Darkness Retreat

Pallavi and I walked through the heavy rain to the darkness retreat (at the Rubin Museum on 17th) and were asked to sit in silent darkness for 40 minutes. Absolute pitch darkness—but not complete silence, for you could hear the hvac systems and the outside traffic ripping the standing water. I had not experienced darkness so total since I was thirteen years old, walking at night in the boreal forests of northern Minnesota, also in the pouring rain (it was as if the rain was made out of darkness).

Sitting still in the dark of the auditorium my body began to distort, my head lifting off and pulling away to a great distance from my torso, my hands turned large and upside down and backwards, all knuckle, my legs phased from being to non-being. Violet Rorschach bats flew before my eyes, dwindling into points of light. Time sped up. I banged a table with my hand (on accident) and several persons gasped in alarm. The lights came on; our forty minutes had passed. I was embarrassed for my noise but only for a moment; distraction in meditation sharpens the will to zero.
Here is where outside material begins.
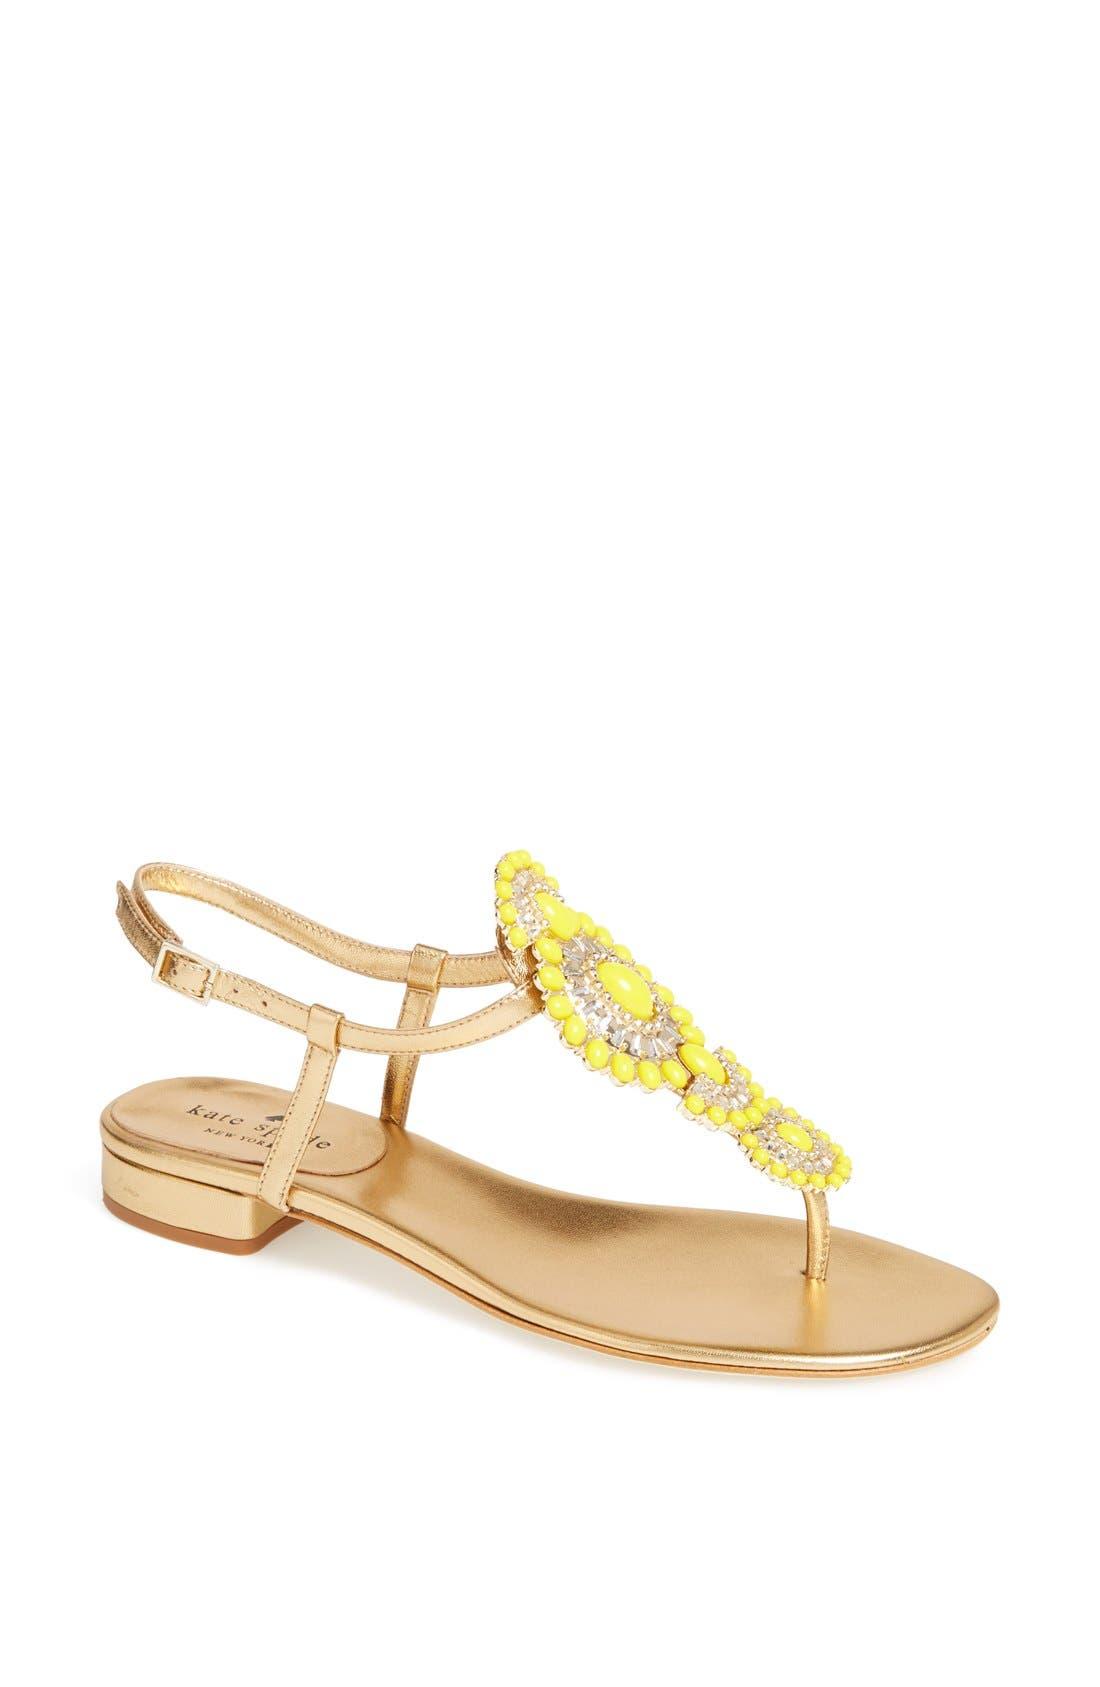 Alternate Image 1 Selected - kate spade new york 'fiore' sandal

A peculiar practice of Tibetan Buddhism is to live in silent, solitary darkness for 49 days. (Our guide at the Rubin that day, a Mr. Bujdoss, had done this trip, not once but twice. He said that by day five he thought he had died). This ascetic practice is meant to simulate the bardo realm: that realm between dying and rebirth, where the soul wanders in a psychical labyrinth for 49 days and meets demons and deities, tests and peril—it is possible, depending on your karma, that your soul may be dragged into hell. The Tibetan Book of the Dead (14th c) functions as a kind of Lonely Planet guide to this realm of the dead, meant to be recited by a priest to the corpse of the recently deceased leading them through the labyrinth.

And yet the Book of the Dead may be just as useful in the simulated bardo of the darkness retreat for it does not take many days of prolonged darkness until the mind enters a vivid waking dream filled with all manner of visions and terrors and wandering entities. Allegedly this state is due to the body’s slow release of 5-MeO-DMT and N,N-Dimethyltryptamine: DMT—an endogenous compound integral to consciousness, but that is also the base substance in Ayahuasca. DMT Space (that can be visited by smoking DMT—I’ve been there) is likewise an exceedingly weird realm of impossible vividness—that the mind nevertheless accepts as real—and that is inhabited by mysterious entities—the machine elves of McKenna lore. This “fairy realm” is not exactly a nice place to visit (as my friend Mark likes to say, “we are not in people land any more”); like the bardo realm, it is possible that your mind can be dragged into hell (psychosis).

While I can only speculate, it seems clear—to this reader anyhow—that these three realms: the Bardo realm (as described in reports of near-death experience), the simulated bardo dreamspace of the darkness retreat, and the fairy-realm accessed by DMT, are all one and the same space.